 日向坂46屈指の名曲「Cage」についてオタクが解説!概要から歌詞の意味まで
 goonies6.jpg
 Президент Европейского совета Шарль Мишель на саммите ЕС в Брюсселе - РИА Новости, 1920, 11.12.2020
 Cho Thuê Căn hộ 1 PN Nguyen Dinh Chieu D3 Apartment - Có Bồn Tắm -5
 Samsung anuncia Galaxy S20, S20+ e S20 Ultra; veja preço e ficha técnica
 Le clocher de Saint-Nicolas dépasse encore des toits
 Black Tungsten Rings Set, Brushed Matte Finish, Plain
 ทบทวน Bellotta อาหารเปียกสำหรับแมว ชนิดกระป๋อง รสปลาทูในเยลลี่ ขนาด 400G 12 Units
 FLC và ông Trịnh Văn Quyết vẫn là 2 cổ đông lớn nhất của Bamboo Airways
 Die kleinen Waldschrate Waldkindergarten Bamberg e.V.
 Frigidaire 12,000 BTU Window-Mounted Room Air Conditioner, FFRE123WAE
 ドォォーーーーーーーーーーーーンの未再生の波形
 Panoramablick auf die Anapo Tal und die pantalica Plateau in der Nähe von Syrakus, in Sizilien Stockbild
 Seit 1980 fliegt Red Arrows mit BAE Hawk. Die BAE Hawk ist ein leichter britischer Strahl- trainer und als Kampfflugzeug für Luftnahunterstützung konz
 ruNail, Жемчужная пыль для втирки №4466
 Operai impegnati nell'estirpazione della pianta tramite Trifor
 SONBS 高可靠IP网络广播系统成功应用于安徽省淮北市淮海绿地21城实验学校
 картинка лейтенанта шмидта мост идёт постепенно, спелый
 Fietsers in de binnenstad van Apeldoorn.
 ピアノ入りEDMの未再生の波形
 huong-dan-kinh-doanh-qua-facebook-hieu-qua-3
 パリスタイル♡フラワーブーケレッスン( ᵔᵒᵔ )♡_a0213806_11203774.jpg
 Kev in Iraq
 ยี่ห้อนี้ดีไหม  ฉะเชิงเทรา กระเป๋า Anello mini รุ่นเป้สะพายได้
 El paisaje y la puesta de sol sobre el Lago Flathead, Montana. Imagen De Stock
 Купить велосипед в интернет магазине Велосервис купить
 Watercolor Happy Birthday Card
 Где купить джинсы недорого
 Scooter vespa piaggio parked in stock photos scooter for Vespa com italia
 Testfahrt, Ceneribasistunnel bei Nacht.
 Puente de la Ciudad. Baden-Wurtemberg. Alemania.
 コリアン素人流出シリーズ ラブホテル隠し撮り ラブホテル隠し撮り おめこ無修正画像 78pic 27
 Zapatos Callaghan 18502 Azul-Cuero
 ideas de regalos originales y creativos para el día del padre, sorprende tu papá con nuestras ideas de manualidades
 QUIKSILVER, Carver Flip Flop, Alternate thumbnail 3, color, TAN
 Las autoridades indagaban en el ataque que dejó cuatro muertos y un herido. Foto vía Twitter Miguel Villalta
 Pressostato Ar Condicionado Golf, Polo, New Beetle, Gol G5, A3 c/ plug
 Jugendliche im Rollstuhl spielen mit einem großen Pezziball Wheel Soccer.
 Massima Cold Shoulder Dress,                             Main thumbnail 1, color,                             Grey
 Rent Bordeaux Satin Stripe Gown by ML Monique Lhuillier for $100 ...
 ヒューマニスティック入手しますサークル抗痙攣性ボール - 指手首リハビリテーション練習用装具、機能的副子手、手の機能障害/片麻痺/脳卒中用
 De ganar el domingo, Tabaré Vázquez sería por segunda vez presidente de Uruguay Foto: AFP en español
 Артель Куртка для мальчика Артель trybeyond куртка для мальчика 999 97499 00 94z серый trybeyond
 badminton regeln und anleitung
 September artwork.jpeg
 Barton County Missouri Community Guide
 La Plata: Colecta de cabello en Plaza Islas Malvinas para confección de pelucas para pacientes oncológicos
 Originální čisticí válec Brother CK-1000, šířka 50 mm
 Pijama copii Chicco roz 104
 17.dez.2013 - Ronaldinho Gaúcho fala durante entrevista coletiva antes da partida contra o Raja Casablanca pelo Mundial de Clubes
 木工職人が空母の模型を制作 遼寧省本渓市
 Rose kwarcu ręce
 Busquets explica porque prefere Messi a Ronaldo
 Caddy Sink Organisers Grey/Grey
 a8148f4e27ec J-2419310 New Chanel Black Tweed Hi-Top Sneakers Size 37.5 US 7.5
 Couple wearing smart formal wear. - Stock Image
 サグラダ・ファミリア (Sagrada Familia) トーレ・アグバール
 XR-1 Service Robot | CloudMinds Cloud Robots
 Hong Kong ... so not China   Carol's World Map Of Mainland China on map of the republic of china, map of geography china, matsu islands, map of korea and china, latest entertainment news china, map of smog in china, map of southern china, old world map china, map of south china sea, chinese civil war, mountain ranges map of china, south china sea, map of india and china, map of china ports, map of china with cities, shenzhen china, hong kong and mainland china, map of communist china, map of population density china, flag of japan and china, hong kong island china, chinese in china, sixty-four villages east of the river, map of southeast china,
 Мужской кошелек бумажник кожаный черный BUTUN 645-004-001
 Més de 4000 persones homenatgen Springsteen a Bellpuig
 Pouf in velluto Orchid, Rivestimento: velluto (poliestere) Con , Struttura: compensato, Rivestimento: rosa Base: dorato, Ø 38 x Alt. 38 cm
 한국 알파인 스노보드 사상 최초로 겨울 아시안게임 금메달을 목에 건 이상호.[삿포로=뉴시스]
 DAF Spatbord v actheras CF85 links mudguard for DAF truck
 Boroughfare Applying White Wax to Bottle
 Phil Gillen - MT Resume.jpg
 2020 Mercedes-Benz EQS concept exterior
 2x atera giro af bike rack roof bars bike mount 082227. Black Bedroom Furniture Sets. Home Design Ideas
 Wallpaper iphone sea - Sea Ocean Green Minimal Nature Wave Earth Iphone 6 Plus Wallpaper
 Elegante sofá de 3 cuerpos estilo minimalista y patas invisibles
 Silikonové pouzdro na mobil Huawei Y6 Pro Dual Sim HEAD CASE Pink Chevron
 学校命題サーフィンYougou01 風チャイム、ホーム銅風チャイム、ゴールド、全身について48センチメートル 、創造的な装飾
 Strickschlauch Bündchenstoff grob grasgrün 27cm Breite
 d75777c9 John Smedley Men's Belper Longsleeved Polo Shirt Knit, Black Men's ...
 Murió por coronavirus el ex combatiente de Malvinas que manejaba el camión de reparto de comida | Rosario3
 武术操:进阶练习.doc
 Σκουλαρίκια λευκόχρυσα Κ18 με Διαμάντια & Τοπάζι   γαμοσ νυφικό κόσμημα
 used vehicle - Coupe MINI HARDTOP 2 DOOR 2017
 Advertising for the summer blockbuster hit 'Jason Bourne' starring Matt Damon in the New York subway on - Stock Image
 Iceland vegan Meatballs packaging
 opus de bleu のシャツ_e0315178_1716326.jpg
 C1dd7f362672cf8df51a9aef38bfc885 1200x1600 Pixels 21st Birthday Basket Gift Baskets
# # # # #
Print the lines above, unchanged, from the start of the records to the line with "Jugendliche im Rollstuhl", including that final line.

Exercise result:
 日向坂46屈指の名曲「Cage」についてオタクが解説!概要から歌詞の意味まで
 goonies6.jpg
 Президент Европейского совета Шарль Мишель на саммите ЕС в Брюсселе - РИА Новости, 1920, 11.12.2020
 Cho Thuê Căn hộ 1 PN Nguyen Dinh Chieu D3 Apartment - Có Bồn Tắm -5
 Samsung anuncia Galaxy S20, S20+ e S20 Ultra; veja preço e ficha técnica
 Le clocher de Saint-Nicolas dépasse encore des toits
 Black Tungsten Rings Set, Brushed Matte Finish, Plain
 ทบทวน Bellotta อาหารเปียกสำหรับแมว ชนิดกระป๋อง รสปลาทูในเยลลี่ ขนาด 400G 12 Units
 FLC và ông Trịnh Văn Quyết vẫn là 2 cổ đông lớn nhất của Bamboo Airways
 Die kleinen Waldschrate Waldkindergarten Bamberg e.V.
 Frigidaire 12,000 BTU Window-Mounted Room Air Conditioner, FFRE123WAE
 ドォォーーーーーーーーーーーーンの未再生の波形
 Panoramablick auf die Anapo Tal und die pantalica Plateau in der Nähe von Syrakus, in Sizilien Stockbild
 Seit 1980 fliegt Red Arrows mit BAE Hawk. Die BAE Hawk ist ein leichter britischer Strahl- trainer und als Kampfflugzeug für Luftnahunterstützung konz
 ruNail, Жемчужная пыль для втирки №4466
 Operai impegnati nell'estirpazione della pianta tramite Trifor
 SONBS 高可靠IP网络广播系统成功应用于安徽省淮北市淮海绿地21城实验学校
 картинка лейтенанта шмидта мост идёт постепенно, спелый
 Fietsers in de binnenstad van Apeldoorn.
 ピアノ入りEDMの未再生の波形
 huong-dan-kinh-doanh-qua-facebook-hieu-qua-3
 パリスタイル♡フラワーブーケレッスン( ᵔᵒᵔ )♡_a0213806_11203774.jpg
 Kev in Iraq
 ยี่ห้อนี้ดีไหม  ฉะเชิงเทรา กระเป๋า Anello mini รุ่นเป้สะพายได้
 El paisaje y la puesta de sol sobre el Lago Flathead, Montana. Imagen De Stock
 Купить велосипед в интернет магазине Велосервис купить
 Watercolor Happy Birthday Card
 Где купить джинсы недорого
 Scooter vespa piaggio parked in stock photos scooter for Vespa com italia
 Testfahrt, Ceneribasistunnel bei Nacht.
 Puente de la Ciudad. Baden-Wurtemberg. Alemania.
 コリアン素人流出シリーズ ラブホテル隠し撮り ラブホテル隠し撮り おめこ無修正画像 78pic 27
 Zapatos Callaghan 18502 Azul-Cuero
 ideas de regalos originales y creativos para el día del padre, sorprende tu papá con nuestras ideas de manualidades
 QUIKSILVER, Carver Flip Flop, Alternate thumbnail 3, color, TAN
 Las autoridades indagaban en el ataque que dejó cuatro muertos y un herido. Foto vía Twitter Miguel Villalta
 Pressostato Ar Condicionado Golf, Polo, New Beetle, Gol G5, A3 c/ plug
 Jugendliche im Rollstuhl spielen mit einem großen Pezziball Wheel Soccer.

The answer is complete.